A really long view? How about a century or so? For the past 66 years the Equity Gilt Study has looked at UK investment returns going back to 1899 and US ones to 1925. It was started by London stockbrokers de Zoete & Bevan and carried on by Barclays after it took them over after the “Big Bang” reforms of the 1980s. it has two key messages for investors. One is that over a long period equities will give better returns that bonds or cash. The other is that the key to getting high returns is reinvesting dividends. That way you beat inflation by a decent margin.

So with dividends reinvested, US equities have given an average real annual return of 6.9 per cent since 1925, whereas US government bonds have given only 2.7 per cent. In the UK the real annual returns since 1899 are 4.9 per cent and 1.4 per cent. True, these calculations assume you don’t pay tax or investment management charges, so actual returns would be lower.

Also there have been longish periods when asset prices have plunged. The 2000 to 2010 decade was poor for UK equities, for even allowing for dividends an investment barely broke even. But anyone investing for a pension might have a time horizon of 40 years, so it is reasonable to say that good and bad decades will probably even out.

But what now? There has been the huge bull run of shares in the US, particularly tech ones. There has been the widespread disruption from the pandemic, with the winners and losers from that. And there has been the massive fiscal and monetary stimulus, unprecedented in peacetime, ploughed in by governments to try to keep their economies going. The study this year has a series of articles looking at four big questions investors, and indeed all of us, must face.

First, how will the stimulus unwind? The US has put in the biggest boost so it faces the greatest challenge. Barclays thinks the balance of probability is that it will manage to get back to more normal borrowing and interest rate levels in an orderly way, but acknowledges the possibility that it may not.

Europe, it thinks, will have an easier exit, largely because the scale of the boost it has given has been much more limited. However it raises the possibility that Europe will become more like Japan, where bad debts are just rolled forward, “extend and pretend”, and the economy stagnates. Maybe populist pressures will burst out if Europe suffer serious disruption as a result.

That leads to question two: does debt matter? Barclays notes that many people think it doesn’t anymore. But maybe that will be the moment when it suddenly does. Maybe this does not matter so much for solid developed economies, but it might very much for emerging ones. (And those of us old enough to remember the UK going to the IMF for a bailout in 1976 certainly feel a chill.)

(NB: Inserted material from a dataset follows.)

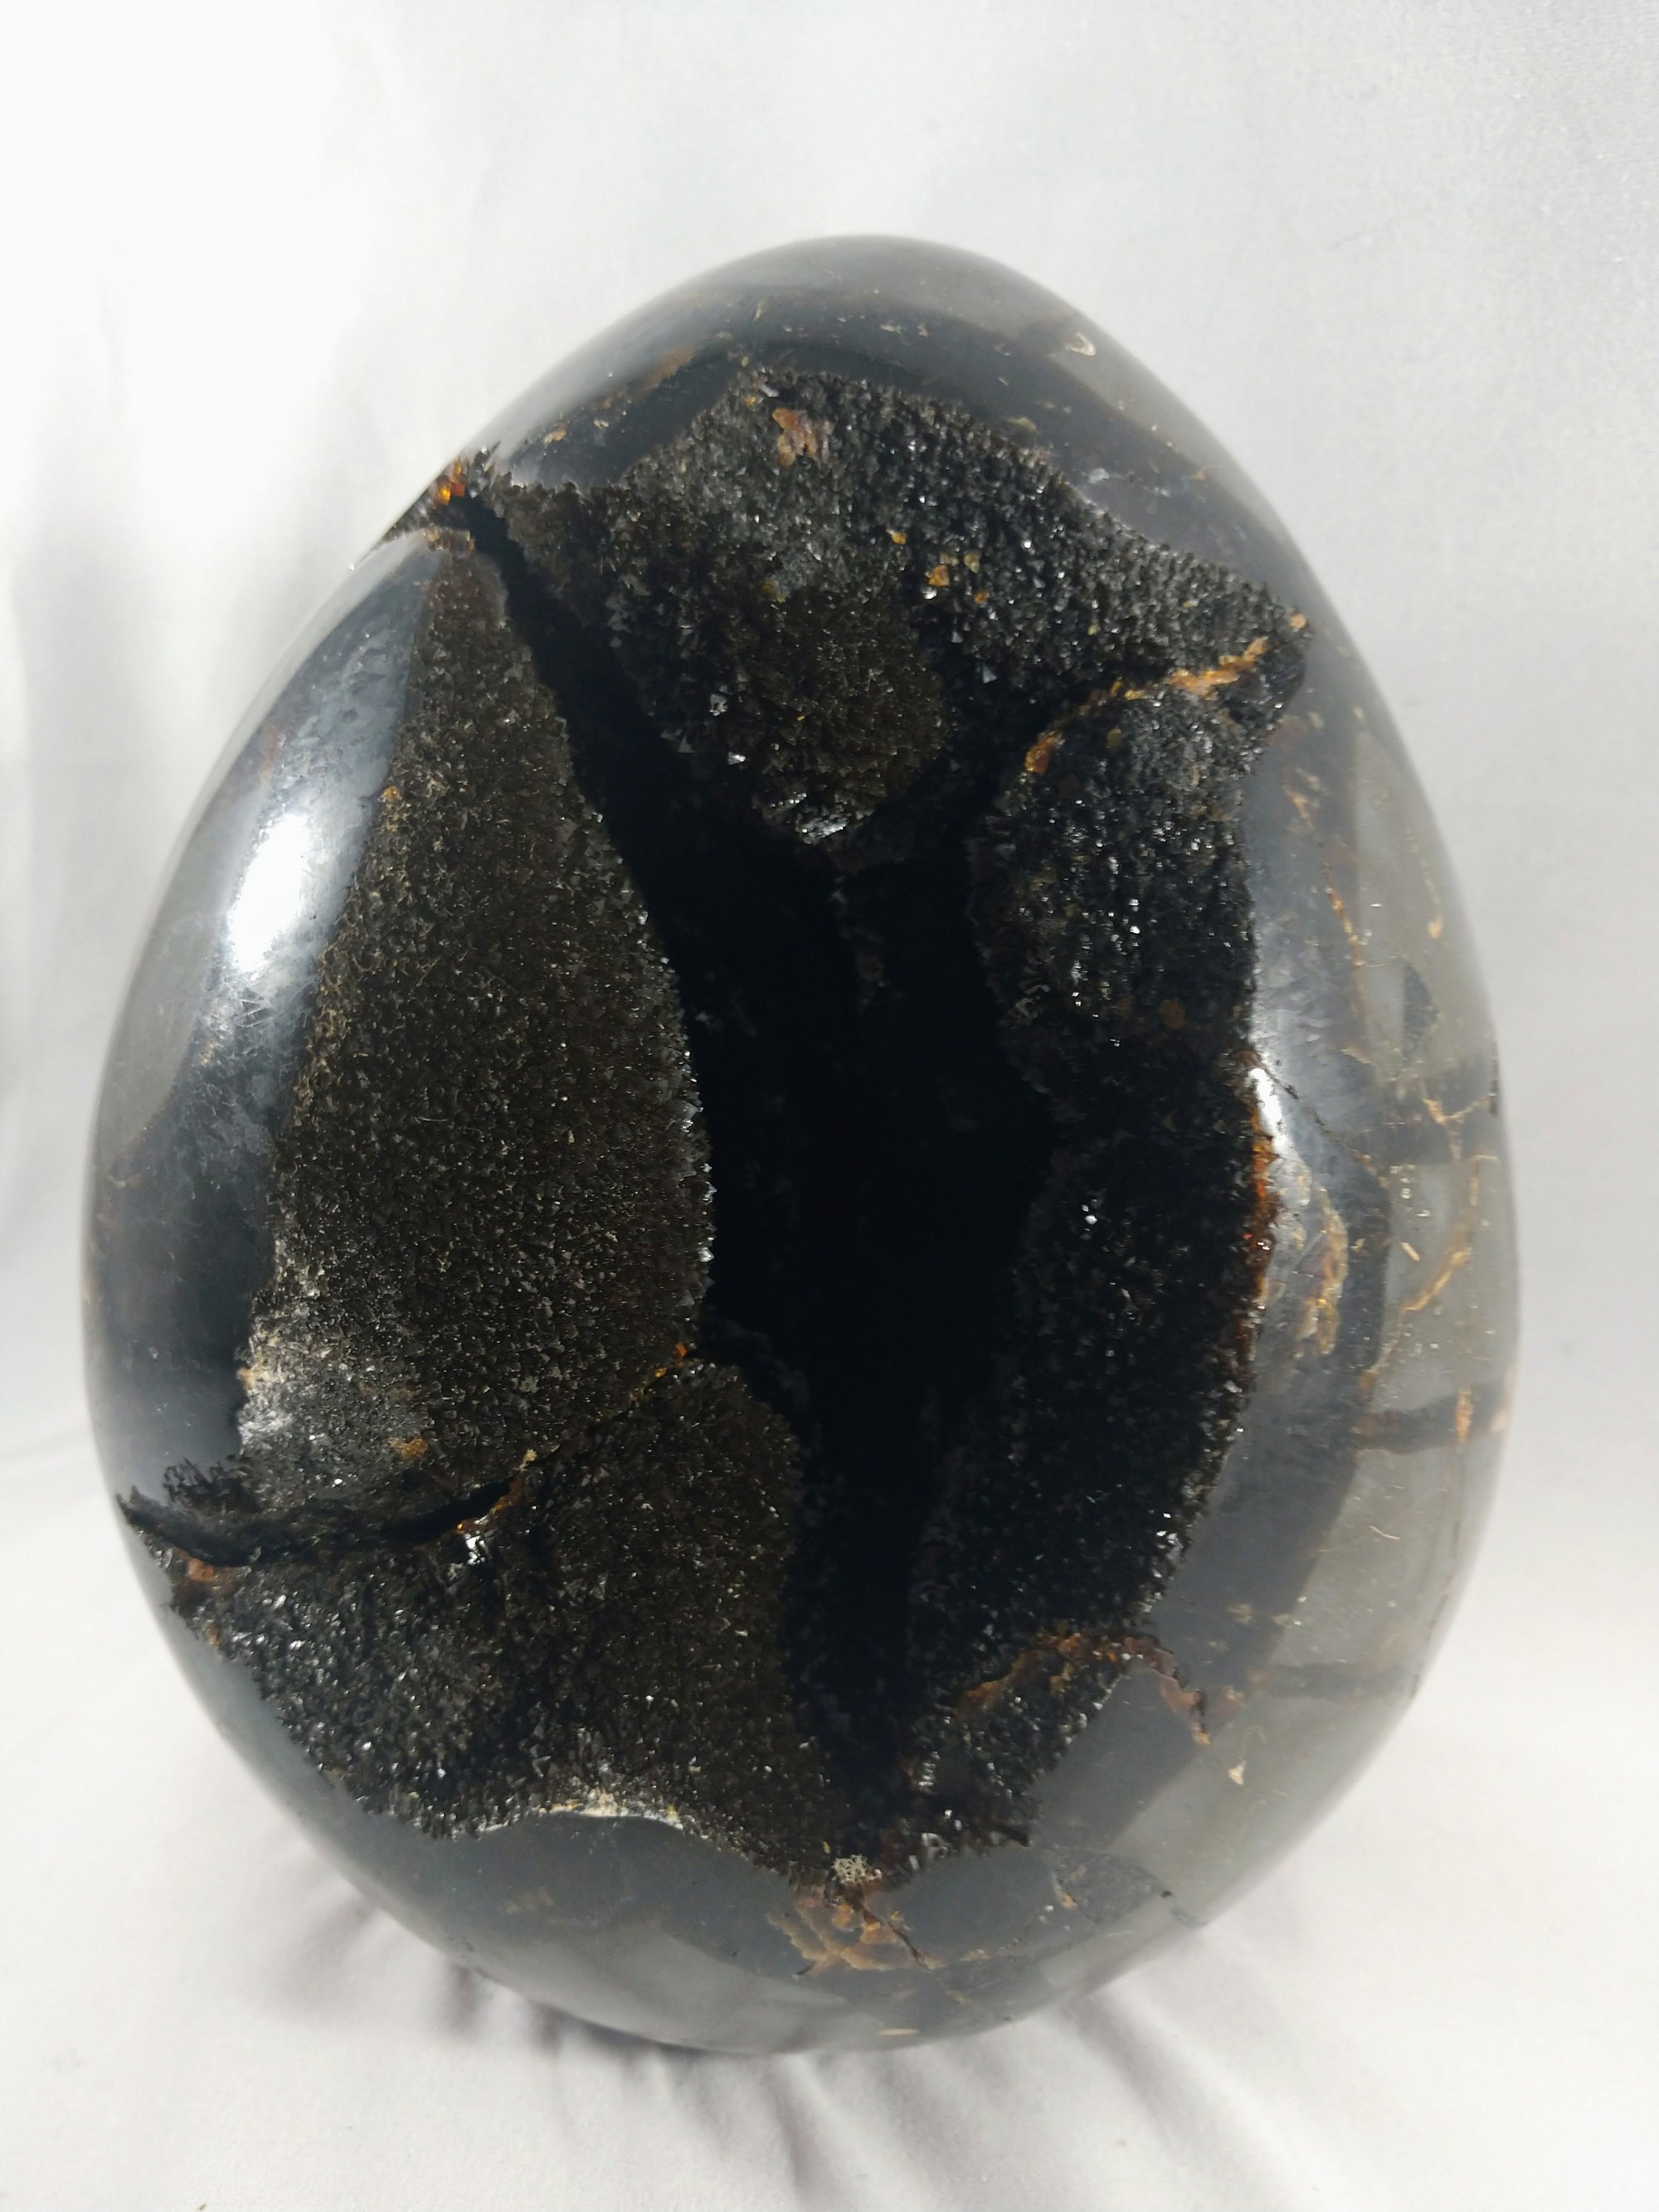 Septerian Egg, Madagascar

Third, there is the sectoral impact: the devastation of the travel and tourism business. The study thinks that there will be long-term scars, as travel recovers only slowly. Those scars will be deepest in economies that rely heavily on tourist revenues to support employment and activity. Global mobility will decline, and emerging economies will be particularly hard hit.

Finally, there is the shift to online working, the end of the commute. The conclusions here are straightforward. There will be a shift in land use, with city centres struggling to repurpose office space with housing, with houses preferred over flats, and with suburbia flourishing. Office space will drop by one-fifth, and paradoxically people may spend more time commuting, because they will make more short trips in cars to different locations, instead of a regular trip to a central office.

My overriding readout from all this is that the scars will be deeper and the recovery take longer than many people think. This will define the 2020s in the way that recovery from the banking crash of 2008 and 2009 defined the 2010s. If that sounds depressing, particularly for people early in the careers, consider this.

On the very long view, encompassing – for the UK – both world wars and the great inflation of the 1970s, people who work hard, and save and invest wisely, can protect themselves against grave disruption. I can’t believe that anything will happen in the next couple of decades that will be as bad as the events of the first half of the last century. There is a lot of comfort in the very long view.